While they have proved very useful aids to measuring productivity, one of the shortcomings of the toolkit is the two to three-day turnaround on information. What is needed, BSRIA concludes, is a tool which not only measures productivity faster, but also has functions to improve performance.

Enter Empower

The BSRIA is currently developing its productivity toolkits as a pc-based application: Empower. Funded by the DETR, the programme will link site performance data gathered by the trades to an activity-based planning, analysis and control tool.

Written in Microsoft Access, the programme is based on a series of dropdown menus. The user starts by inserting the contractors names and details of the relevant work packages.

Once the project starts on-site, the trade contractors can use the performance measuring toolkit to keep track of delays and productivity. Rather than use a paper-based system like the existing toolkit, Hawkins envisages contractors using electronic PalmPilotsTM, with touchscreen technology enabling them to log their activity. The data is then sent on a local radio network to a central server.

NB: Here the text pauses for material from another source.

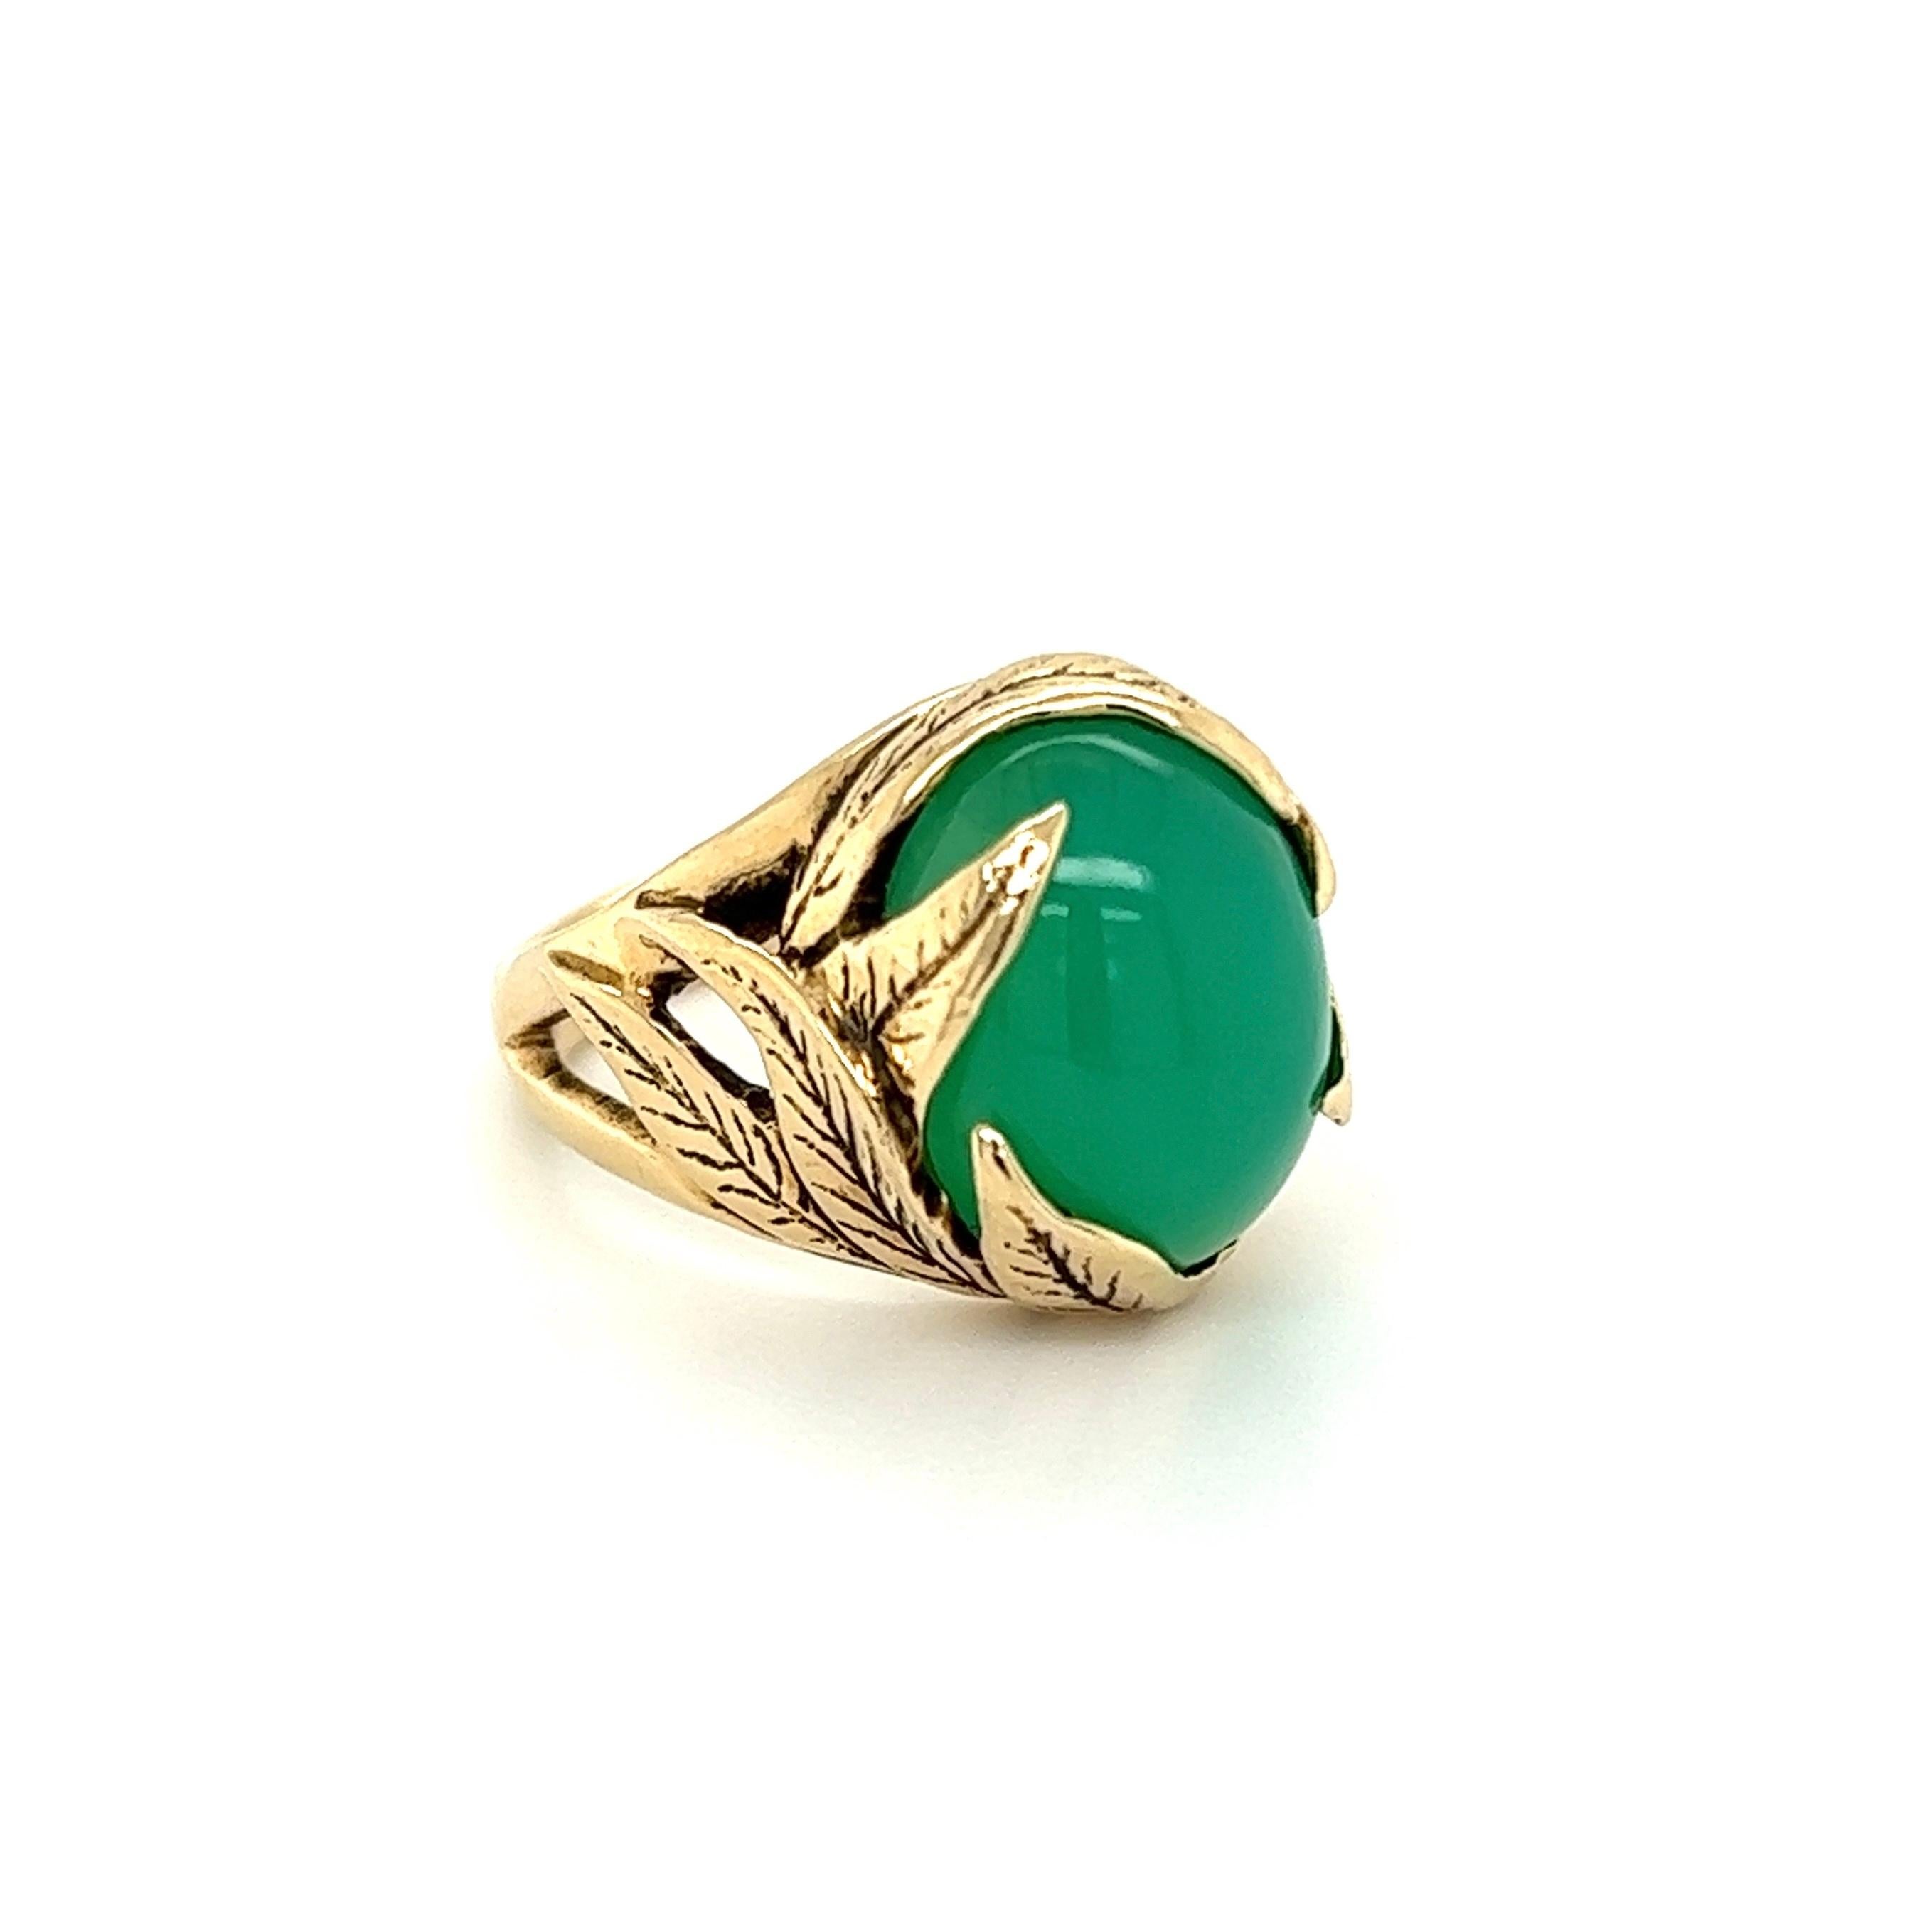 Simply Beautiful! Vintage Mid Century Modern Chrysoprase Gold Solitaire Cocktail Ring. Centering a Hand set securely nestled Chrysoprase. Hand crafted 14K Yellow Gold foliate mounting. Approx. Dimensions of the ring: 1.00

BSRIA hopes to be able to include a list of ECA and HVCA-approved trade contractors in the programme, and possibly each contractors’ most recent Key Performance Indicator data from other projects. “KPI data will enable targets to be set for the entire project team,” said Hawkins. “They will know what the world best is, and they will also know the industry average, so clients’ can choose a contractor based on their KPI data.”

This might, for example, enable clients to select a ductwork contractor based on relative installation times for circular ductwork. That information would be imported into the activity based programme, where the site manager can list the package of work, who is responsible for it, and how many hours it will take.

Users will be able to compare their site data against benchmarks from BSRIA’s database of 5000 m&e installation activities, from the installation of central plant down to 2.2 mins for the installation of a screwed pipe fitting (figure 2).

Hawkins envisages that contractors will be encouraged to share a “friendly projects” database, a central pool of performance data on mechanical and electrical installation times. “You could generate a query based on contractors’ performance, either by installation activity or over days, weeks or months,” said Hawkins. “You could even show a contractor’s performance individually or against five or six others.”

Injecting a note of realism, Hawkins admits that the construction industry is nowhere near being able to share information freely. “Even regional offices of the same company are in competition. But the smarter end of the industry is realising that they have to measure performance and identify the reasons why that performance is good or bad, and Empower will help them do it.”

Empower will be tested in September 2000, with the launch scheduled for April 2001. BSJ will carry a full report on the finished program.